One of the reasons I like to cook the corn on the cob is that I like to cook the corn on the grill. I love to get those char marks. I also really like that I cook it in the husk. Nothing to clean when I am finished. When cooking corn in the husk be sure to soak them in water for a good 10 – 15 minutes. In so doing, the husks will act as a barrier and will not catch on fire.

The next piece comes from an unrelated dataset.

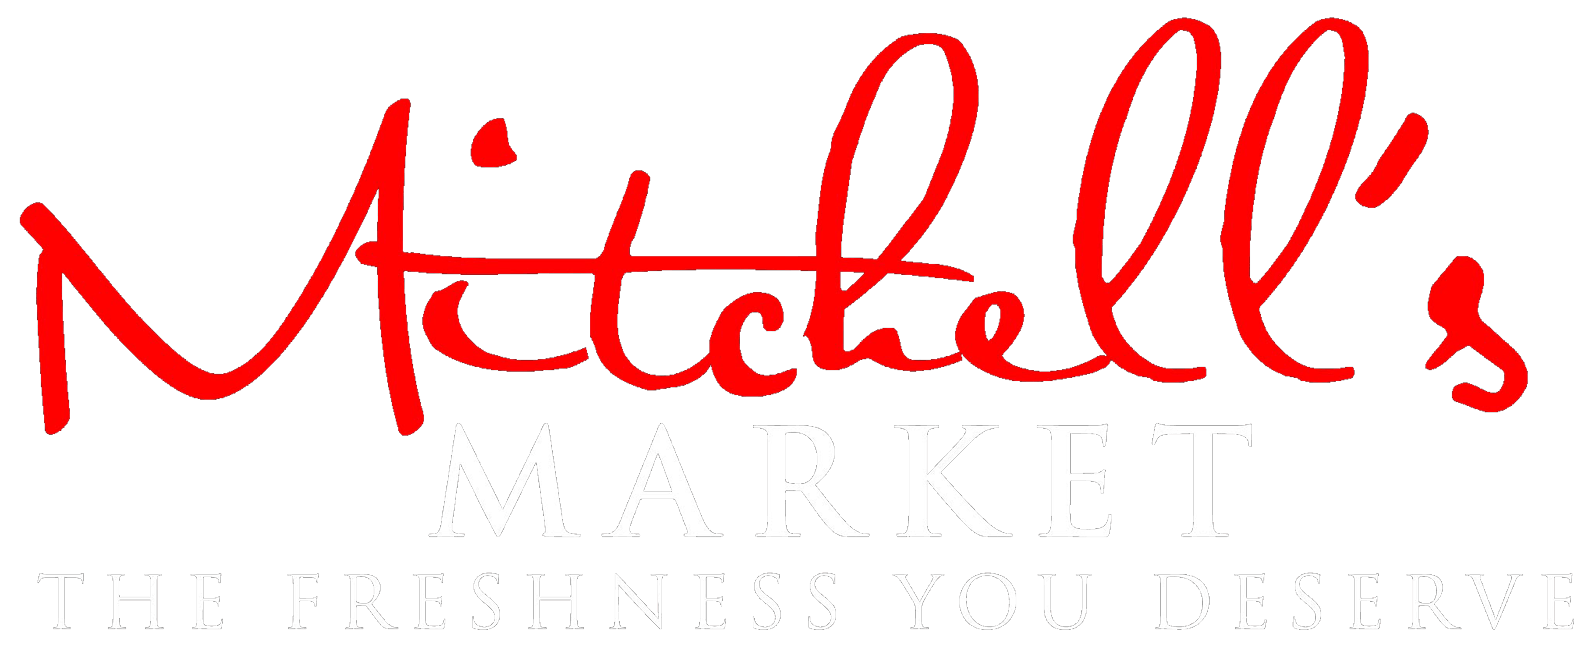 a red and white logo for mitchell's market.
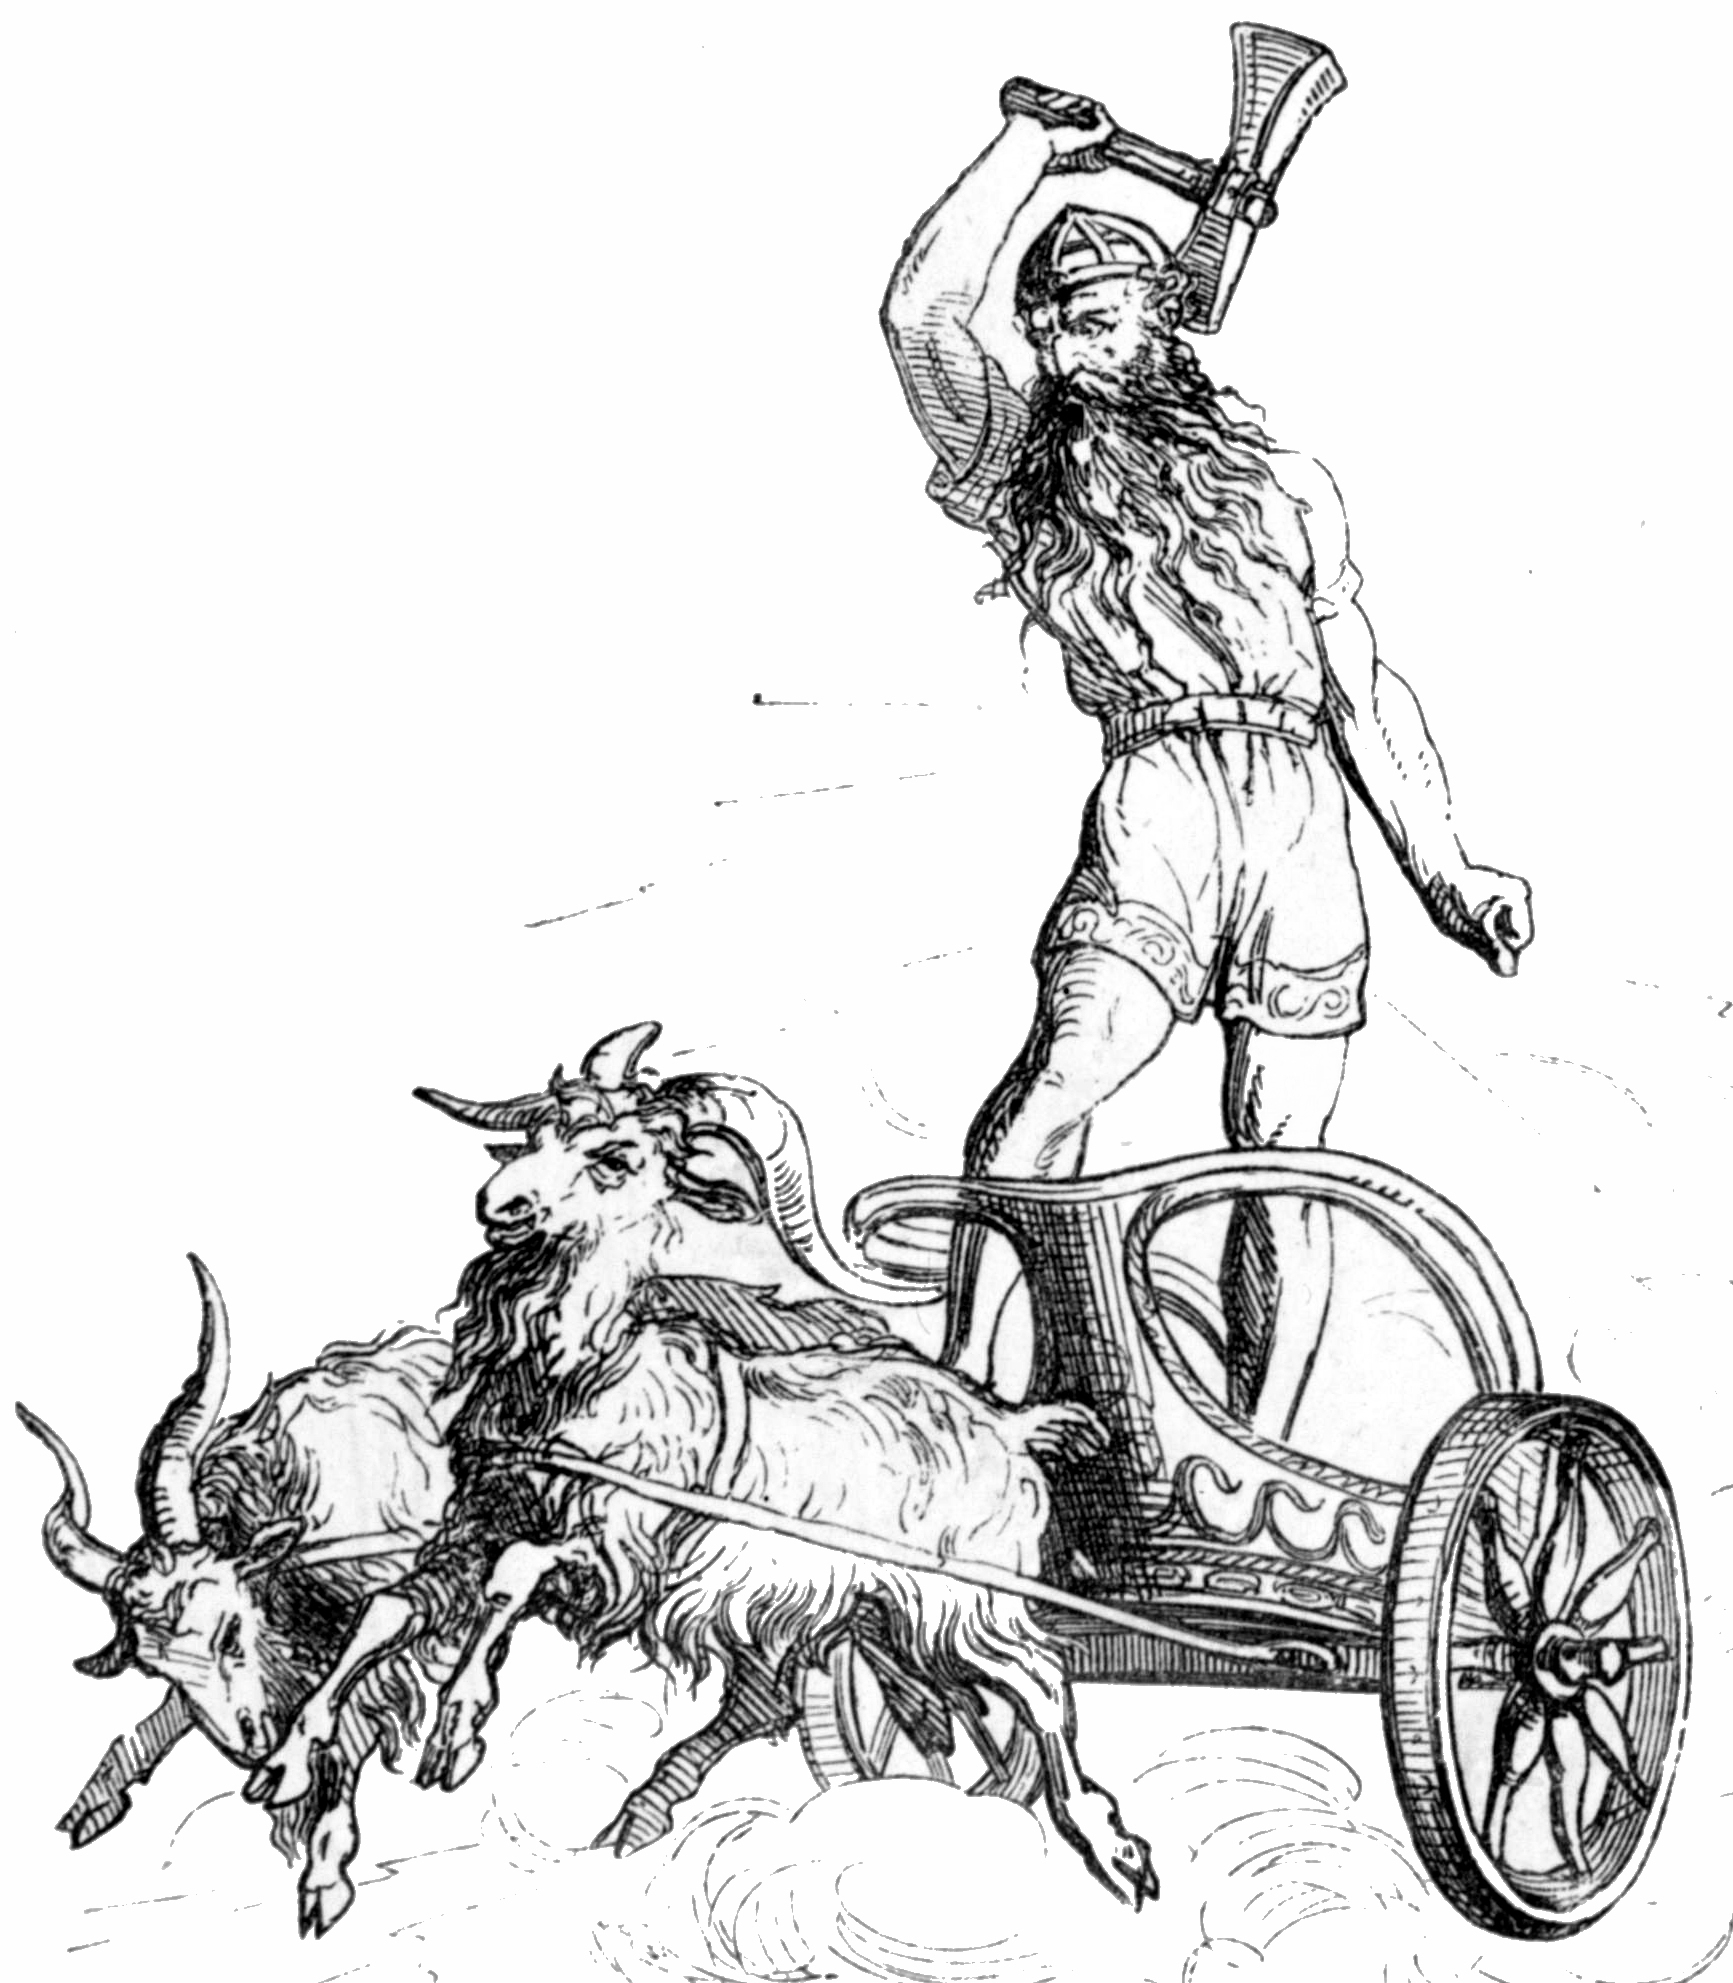 1865-thor_in_his_chariot-ludwig_pietsch-1824-191111.jpg

Putting the corn on the grill is so worth it.
- 8 ears of corn in husks
- 1/2 cup mayonnaise
- 3 tablespoons sriracha
- 1/2 cotija cheese
- Salt & Pepper to taste
- Place the corn and husks in a bowl filled with water.
- After 10 – 15 minutes, remove from bowl and place on your outdoor grill.
- Cook for 15 – 20 minutes.
- Peel away the husks and place the corn on a serving tray.
- While the corn is soaking or cooking, combine the mayo and sriracha and set aside.
- To serve, spread on a generous amount of the sriracha mayo.
- Top with the cotija.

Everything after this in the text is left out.